Development of SuperChessEngine
Alphabeta pruning
Only having minimax algorithm was not enough. So we have pruned the nodes which are guaranteed to give worse score then current best move using Alpha-beta pruning. Hence, the unwanted branches of the search tree was eliminated.
This way, we limited the search time to the more promising subtree and performed the deeper search in the same time.
Move Ordering
Alpha-beta algorithm was performing well, but there were cases when the best move used to occur at the deepest node. That's where we thought nodes should be ordered such best nodes are checked first.
Using intution based move ordering, SuperChessEngine tries to reduce the unnecessary positions being searched.
Below are some move ordering techniques which we have used:
-
Killer Heuristic
It considers moves that caused a beta-cutoff in a sibling node as killer moves and orders them high on the list. Killer moves work on the supposition that most of the moves do not change the situation on the board too much.

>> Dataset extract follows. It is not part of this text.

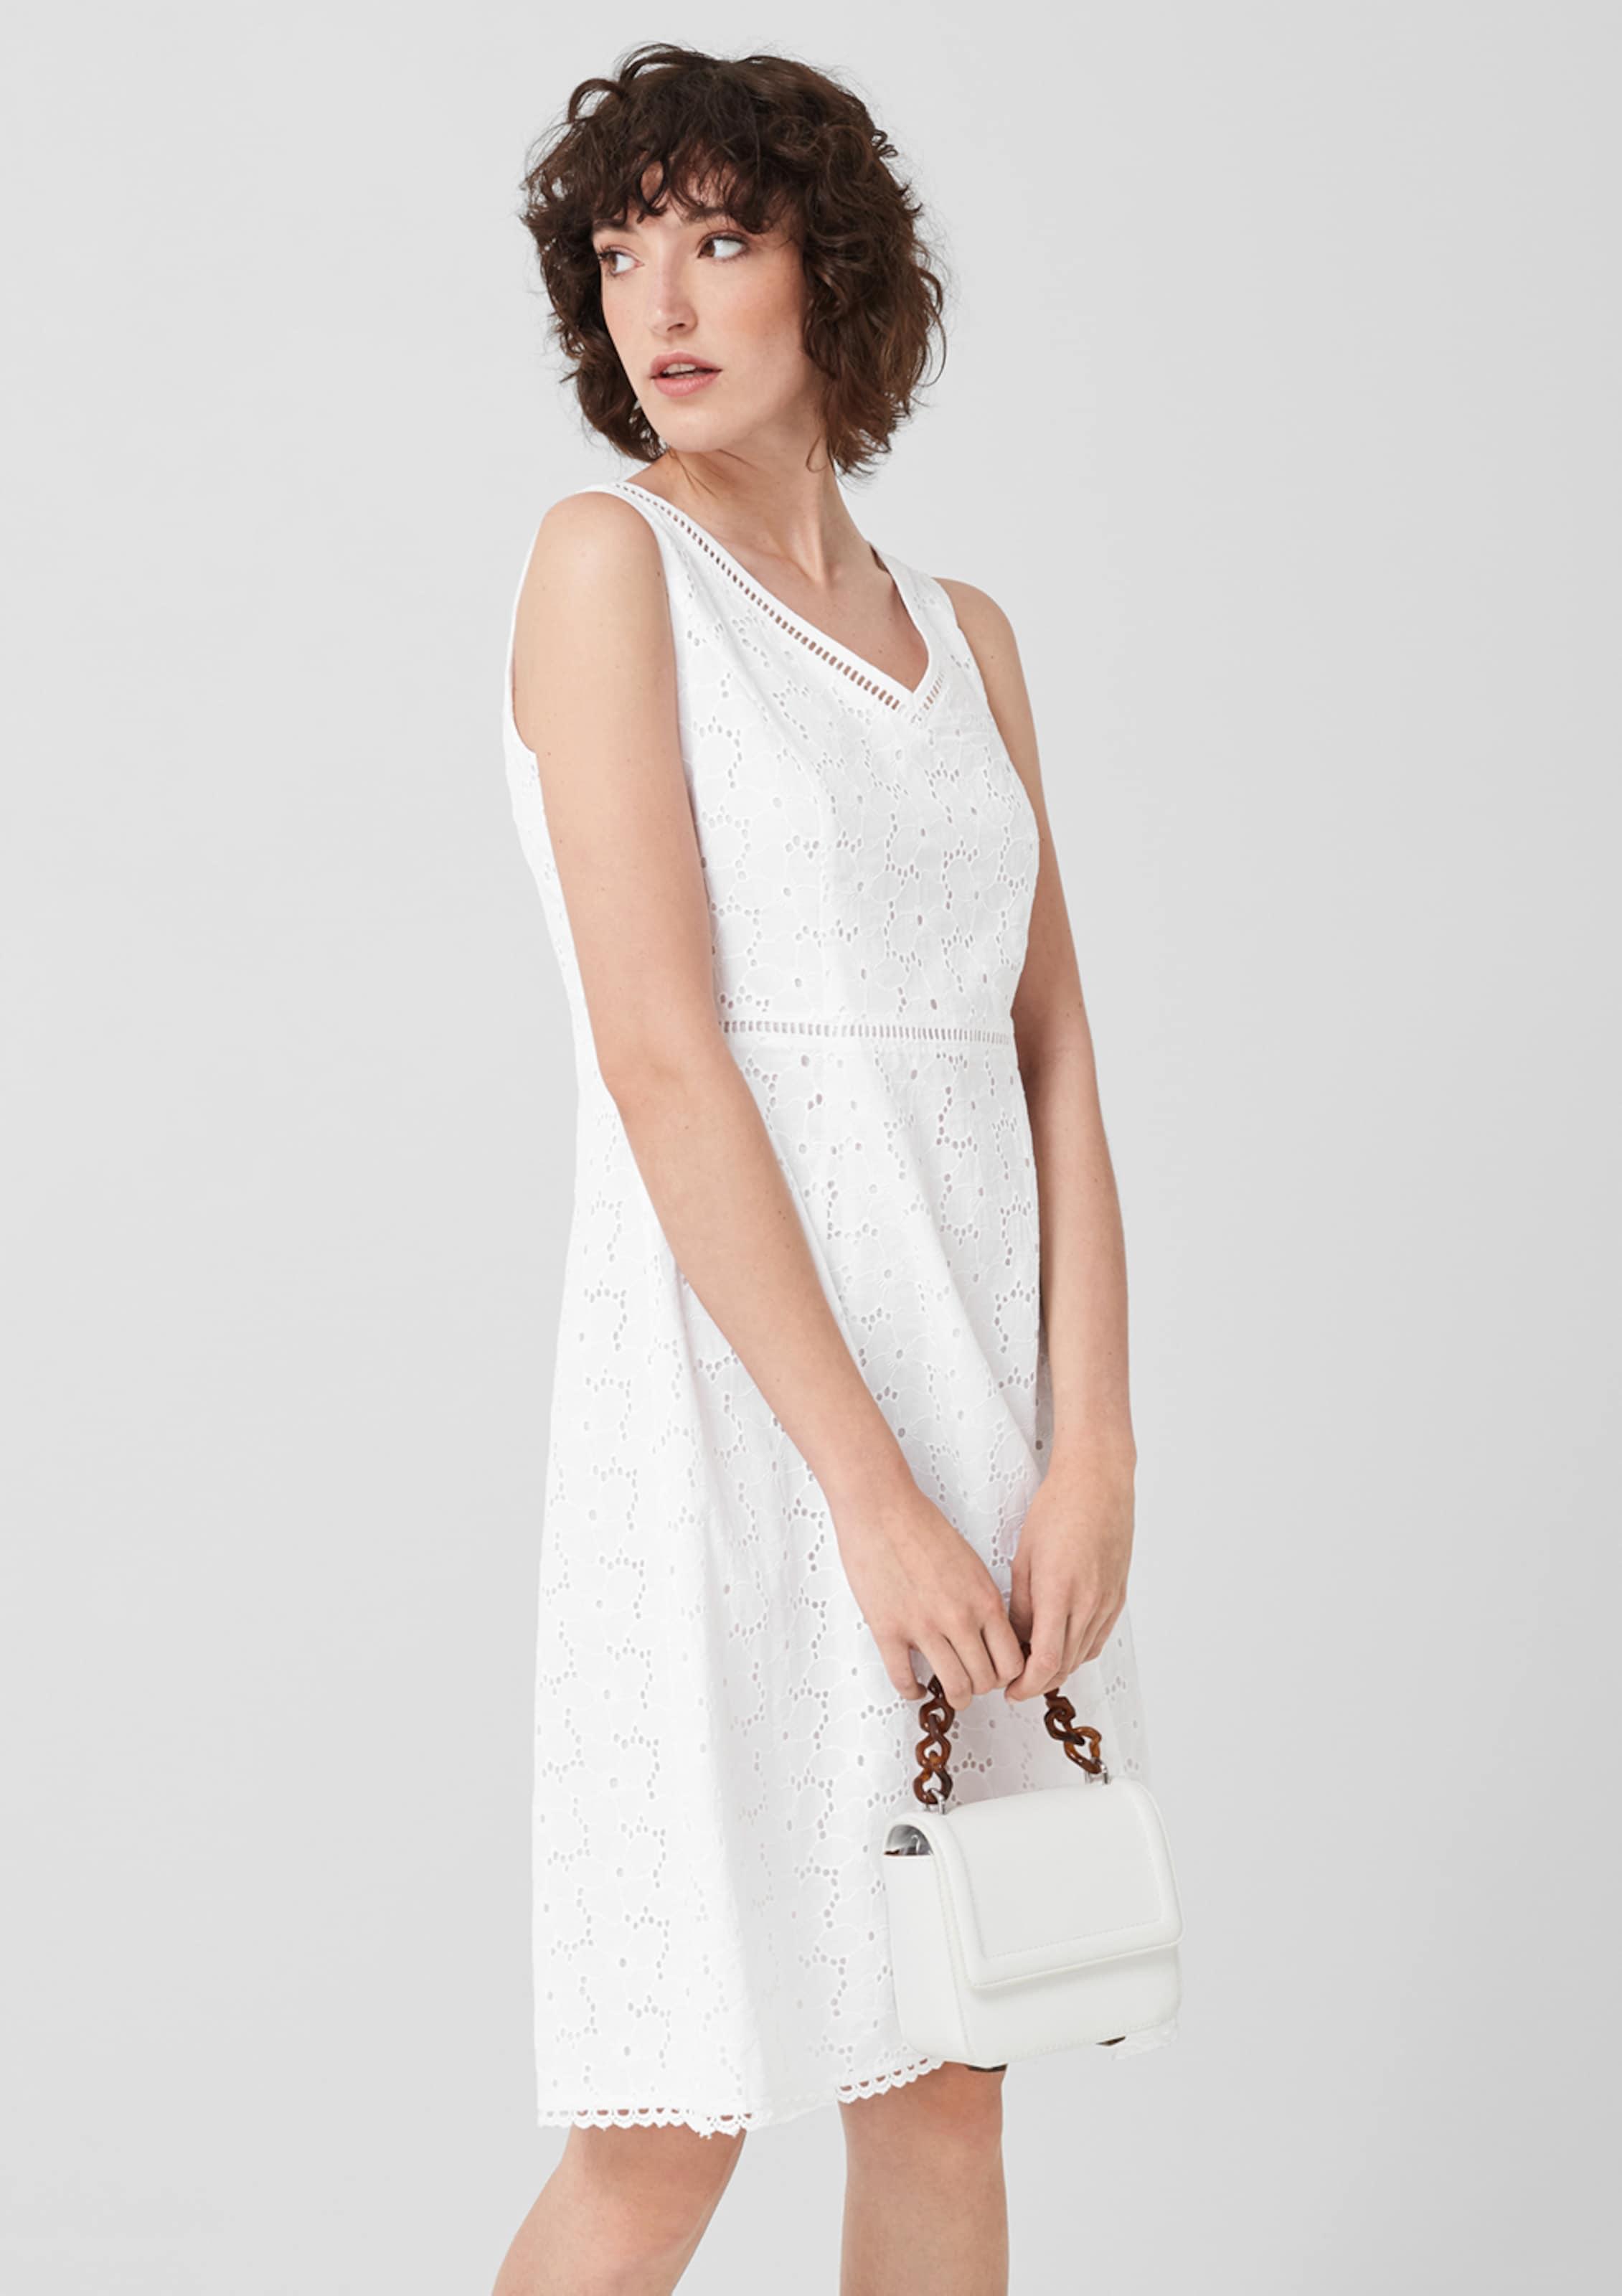 S oliver Robe Label En Red D'été Blanc TlJcF3K1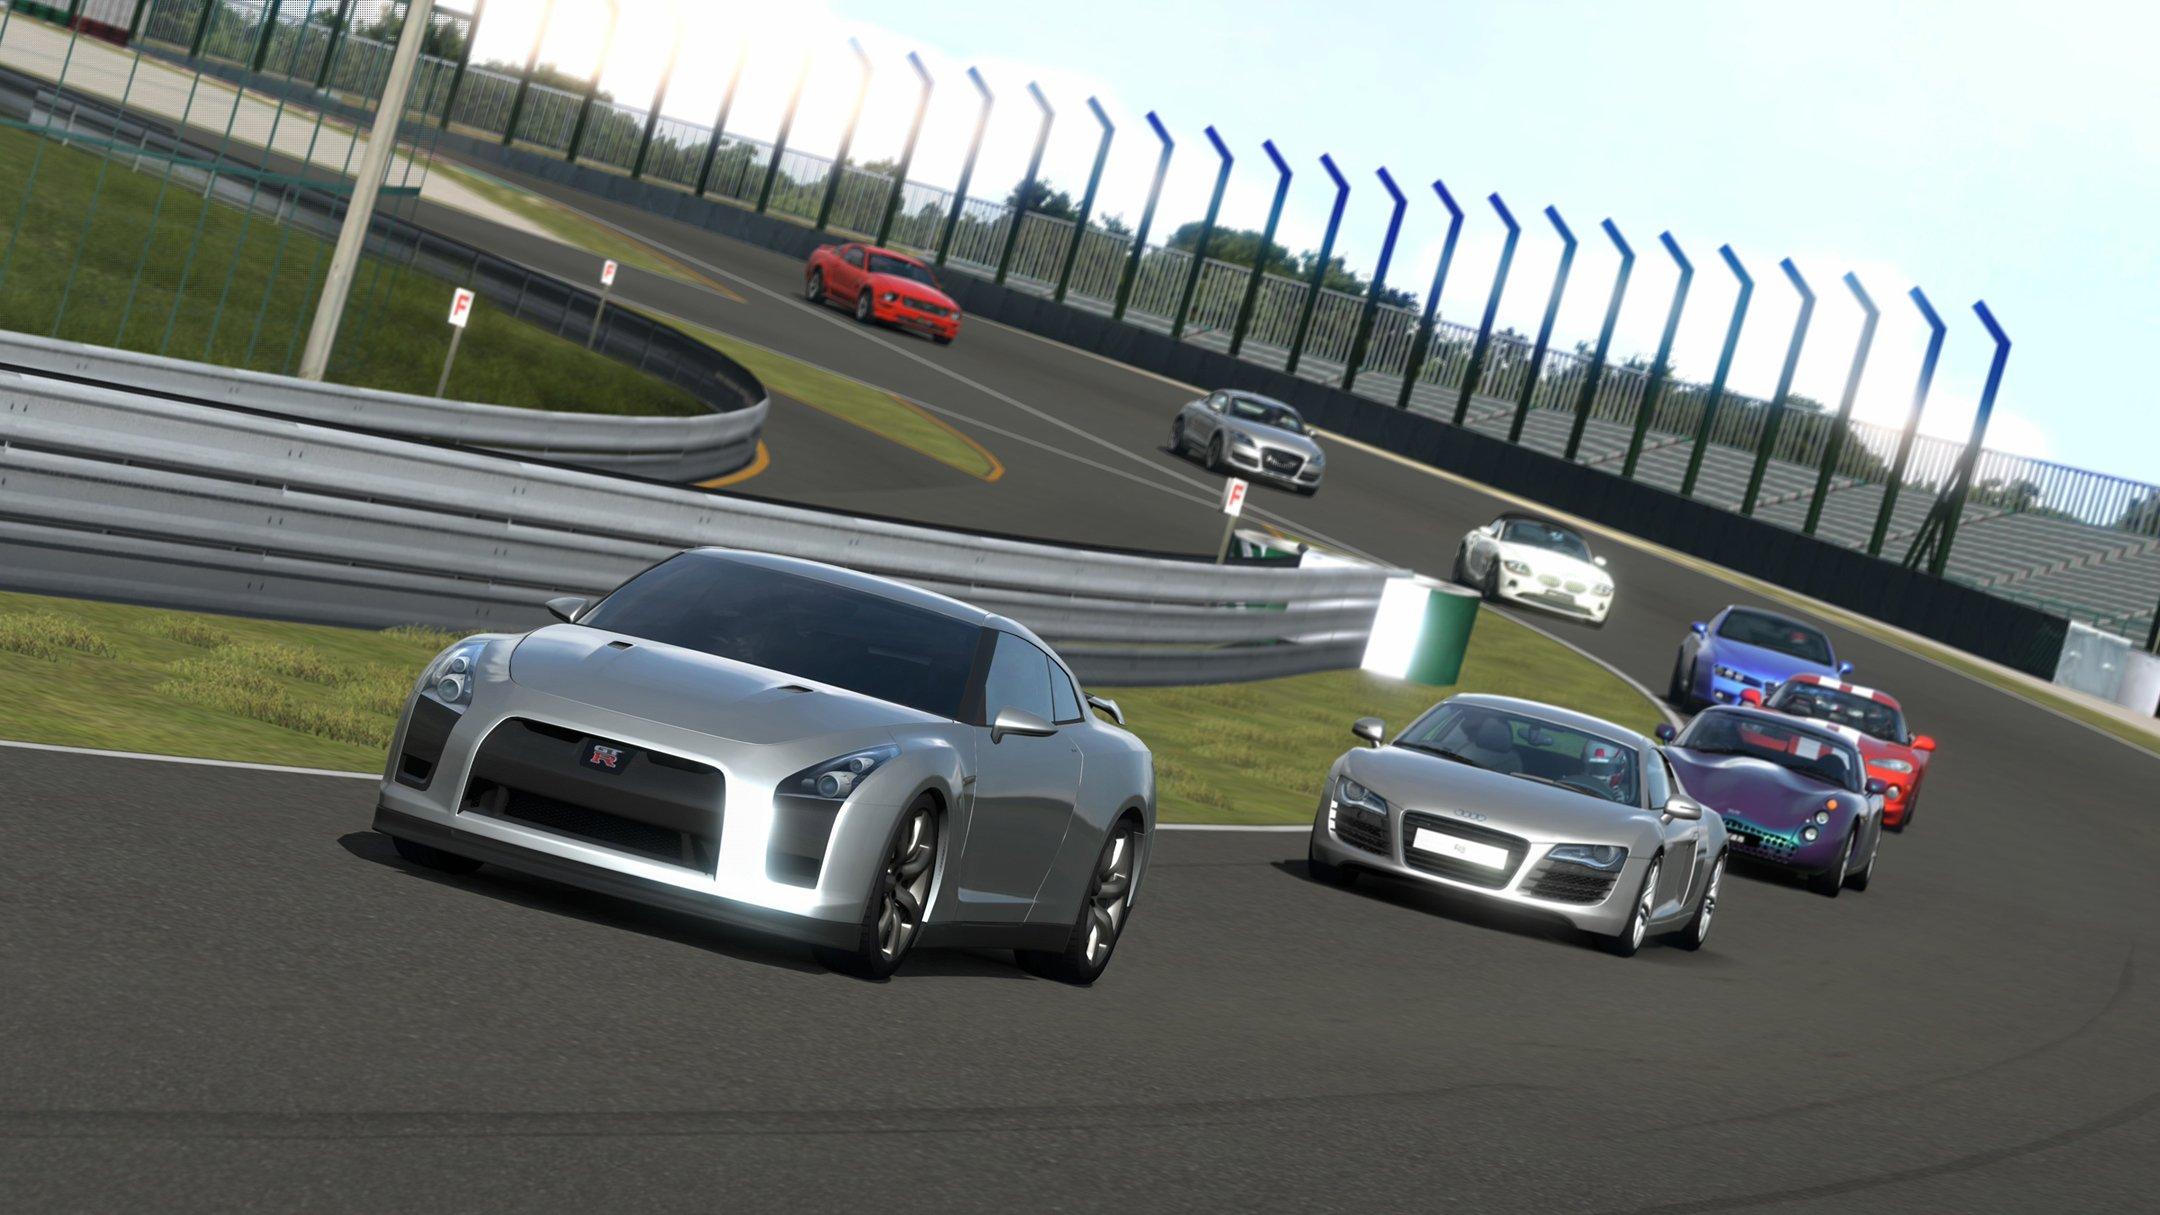 3D инструктор 2, Euro Truck Simulator 2, Gran Turismo 6 - как ведет себя руль Logitech G27 . - Изображение 1

In some cases, killer moves saves a lot amount of time while searching.
-
Hash moves
To implement this we first implemented transposition table. In this technique, the move returned from TT was ordered first in the list, infront of all the other moves. Hence this hash move is either a best move of a stored PV-node - a PV-move, or a good enough refutation move to cause a cutoff.
-
History Heuristic
This technique is based on number of cutoffs caused by a given move irrespectively from the position in which the move has been made. On a cutoff we incremented a counter in a table, addressed by [piece][to]. Values retrieved from that table are used to order non-capturing moves. This heuristics performs usually better than domain-dependent heuristics.
-
MVV-LVA Look up
MVV-LVA stands for Most Valuable Victim - Least Valuable Aggressor. In this, we sort the capture moves in a reasonable order. We first look up the potential victim of all attacked opponent pieces, in the order of the most valuable first. After the most valuable victim is found, the find-aggressor cycle loops over the potential aggressors that may capture the victim in inverse order, from pawn, knight, bishop, rook, queen to king.
Transposition Table(TT)
Transpoistion Table comes into role when a position recurs via a different sequence of moves. TT is a database that stores results of previously performed searches. This way we reduced the search space of a chess tree. We took a hash table storing information about positions previously searched, how deeply they were searched, and what we concluded about them. However at some point, it becomes important to clear TT data.
Bot
After implementing all this, it becomes very important to know how well our engine works. So, nothing could have been better than playing a chess game against the engine which we just built and knowing it's strength. Hence, we deployed our SuperChessEngine bot on Lichess.
Now anyone can play against our bot.